Any suggestions would be great as what I should do.

Tony


----------



## Bobm (Aug 26, 2003)

Take it off put it back in the box and don't take it out again until after hunting season, if at all.

Discontinue the retrieveing lessons until after this hunting season and
just take the dog hunting as much as possible.

You have damaged her confidence and now you have to restore that. The best way to do so is to hunt her this fall and let her mature and find the joy of the hunt. Its almost hunting season if she comes when called reliably thats all she needs to do at this point.

Once you improperly use and scare a dog with a collar its real tuff to use one on that dog again. Its a common mistake and one I see with alot of dogs people bring me to train.

You need to bold up the dog and let it mature.


----------



## H20fwlIowa (Feb 1, 2006)

WOW! That seems extreme but I'm new to this and if you thinks thats what it will take I guess thats what I'll do.

I thought I was doing it right but I guess not. What is the proper way to use the collar?


----------



## Britman (Dec 18, 2002)

Bob gives good advice but in case you don't put it back in the box here is what you need to do. The e-collar is an extension of the check cord, it is apparent by your dogs reaction that it is totally confused and now scared, your dog doesn't know what it means. I would handle this situation like this.
Put the ecollar on the dog but don't turn it on for at least the first month just let her get use to wearing it, and let her bold up by running her on wild birds if possible or pen birds in a controlled situation. Now after a month turn the collar on and while you are working on the come command with a checkcord 
give a tug on the check cord tell her to come if she ignores tug again but this time touch her with the e collar at the same time you tug the check cord. E collar should be on the lowest setting, you work like this until the dog realizes that the check cord and the e collar are one and the same for commands. After a couple of sessions like this and the dogs reaction to the e-collar is positive not negative you can move to just the e-collar but still have the dog on the check cord. You build from this foundation.
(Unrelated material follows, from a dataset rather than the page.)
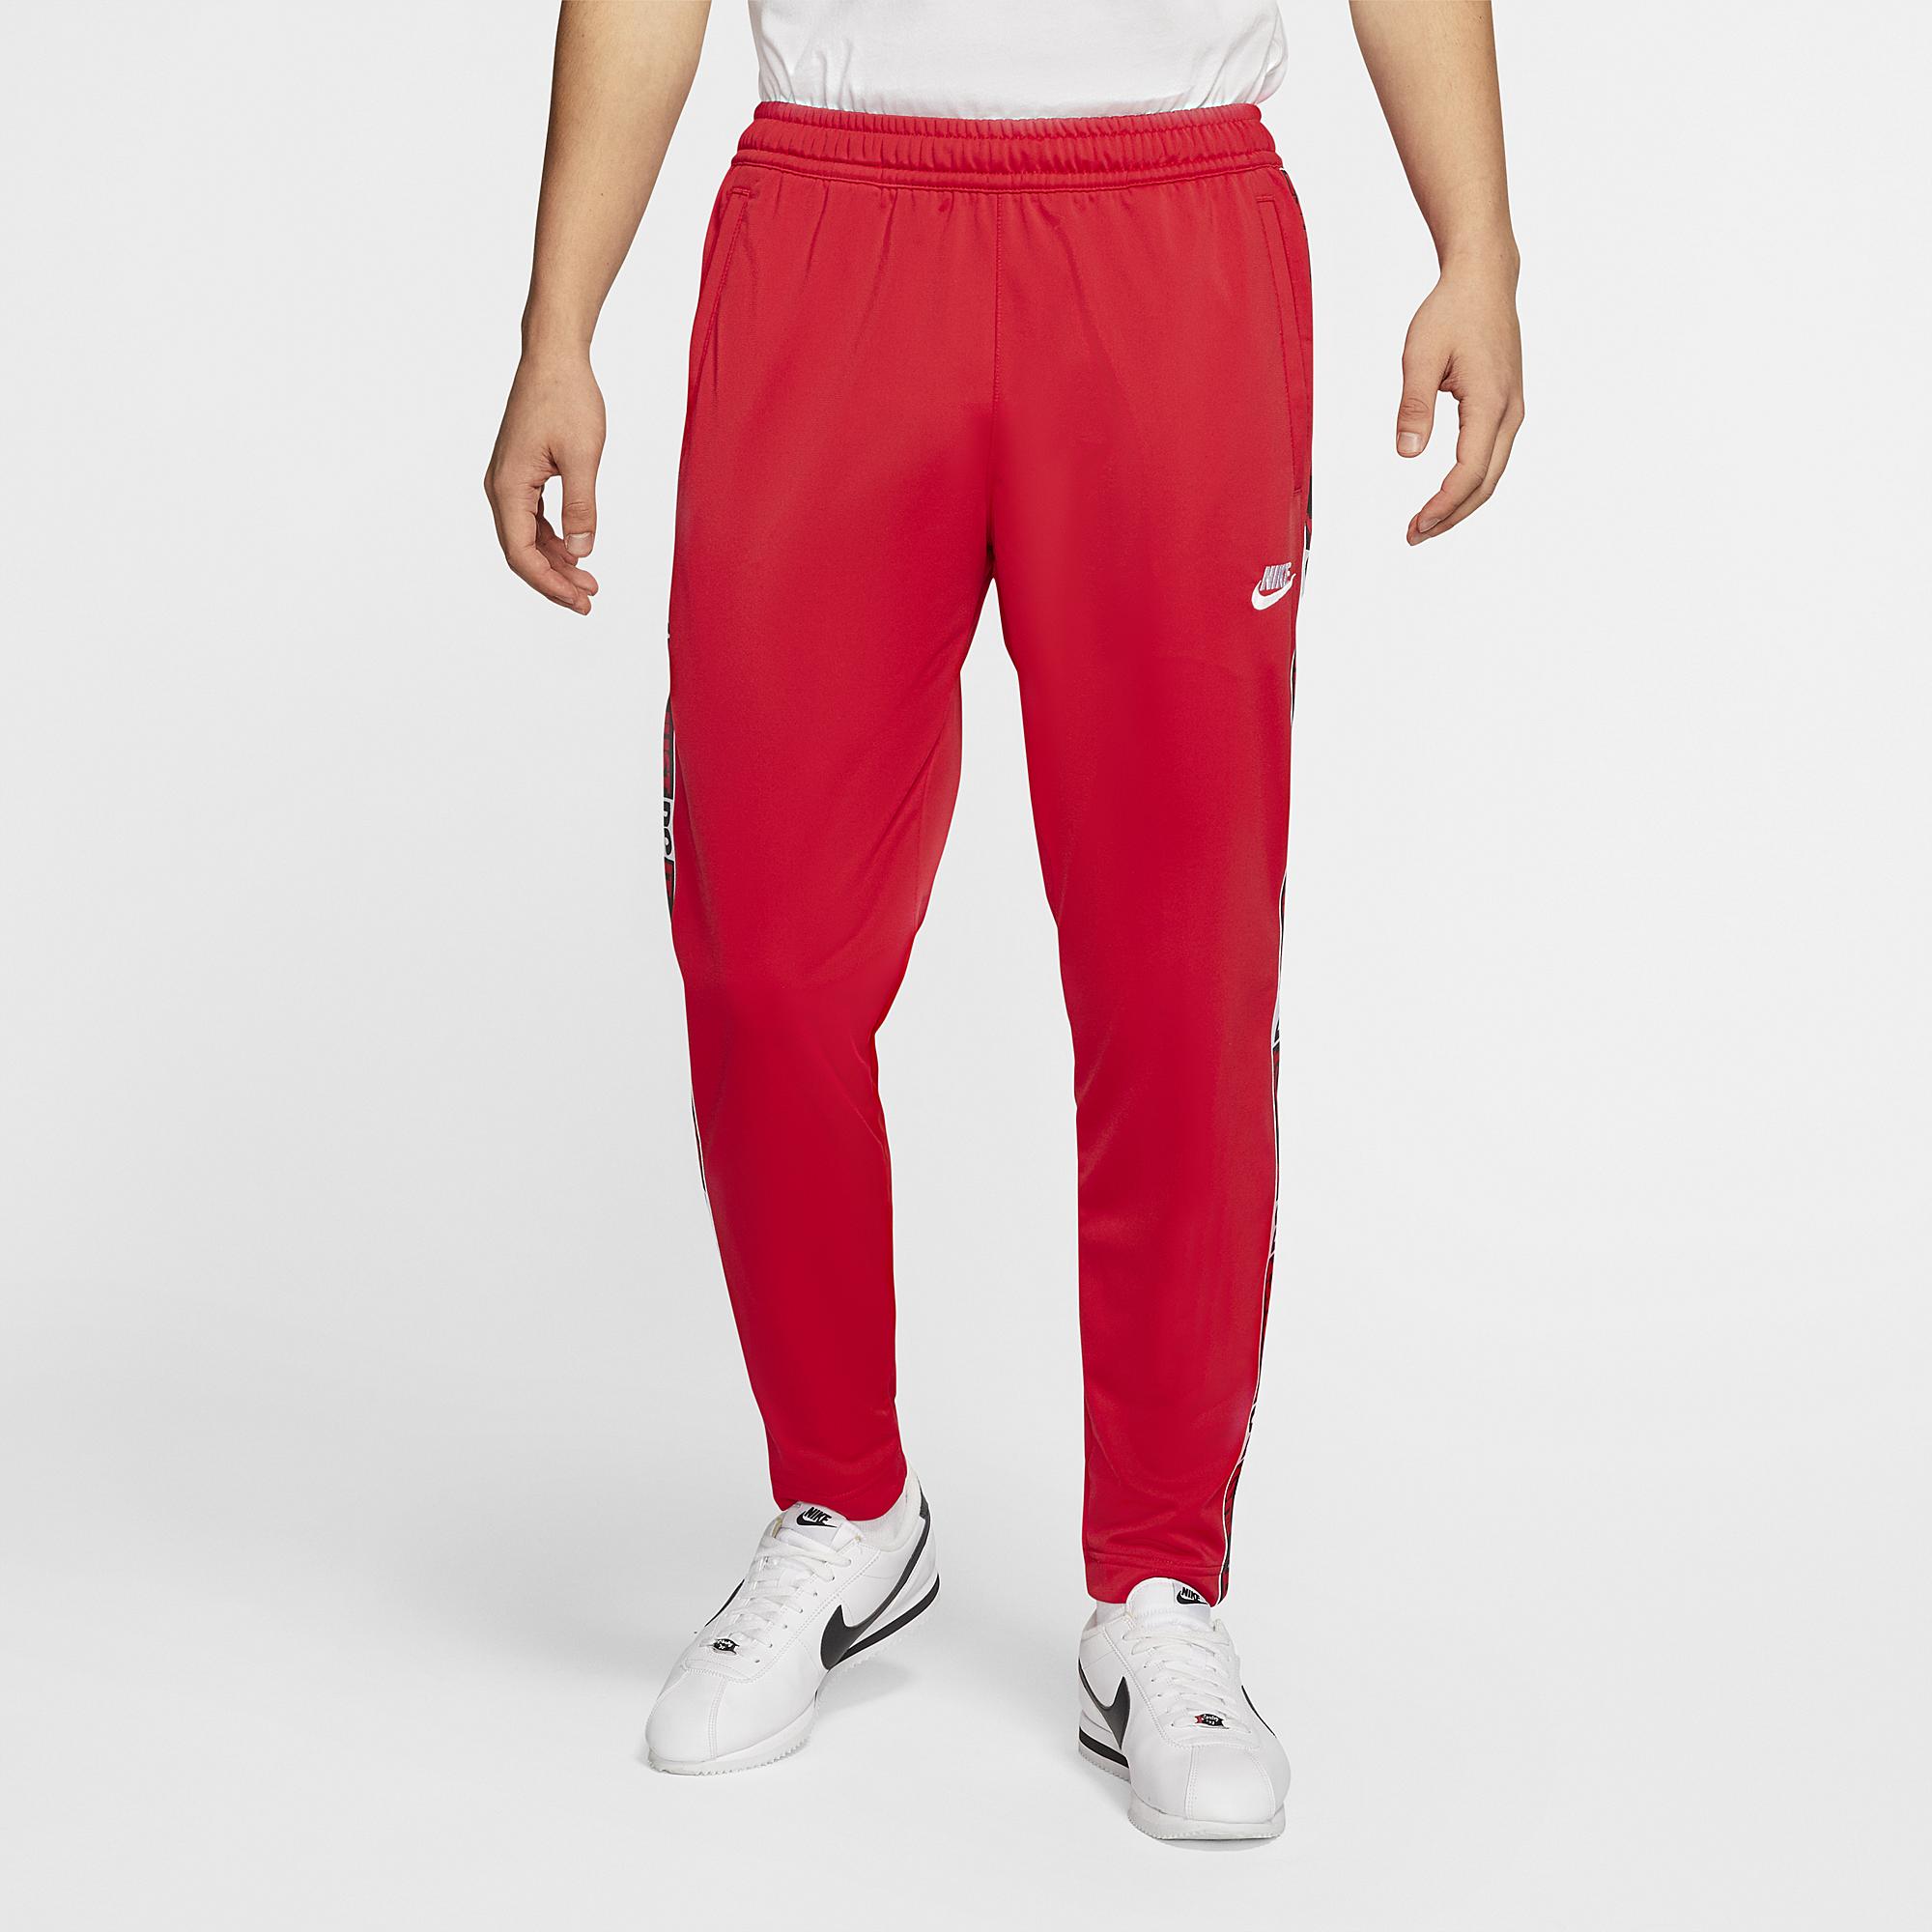 Nike Synthetic Jdi Tape Pants in University Red (Red) for Men - Save 13 ...

The e collar is one of the best tools and the worst tools for training dogs it takes patience to do it correctly. Go very slowly and you will be fine.

For now turn it off and let the dog bold up.


----------



## Bobm (Aug 26, 2003)

35 years training bird dogs behind that statement.

Your dog does not need that collar on it until its had a full season of hunting behind it you are very close to screwing her up.

Its a lot harder to bold a dog up if it becomes intimidated and unsure of itself and your dog hiding under the table is close to that, e collars are bad about that if used wrong.

Find a very experienced trainer around your area to teach you how and when to use it.

You may never need it anyway, train the dog without it first.


----------



## ryanps18 (Jun 23, 2006)

I would listen to Bob on this one. The only thing that I would do different is to take it back. Buy some good books and do it the right way. the dog is only 6 months old take your time.


----------



## Britman (Dec 18, 2002)

Agreed Bob, you can't buy time. You have to screw a few up to really learn.


----------



## Bobm (Aug 26, 2003)

Yep I know I've made a lot of mistakes training I wish I could do over.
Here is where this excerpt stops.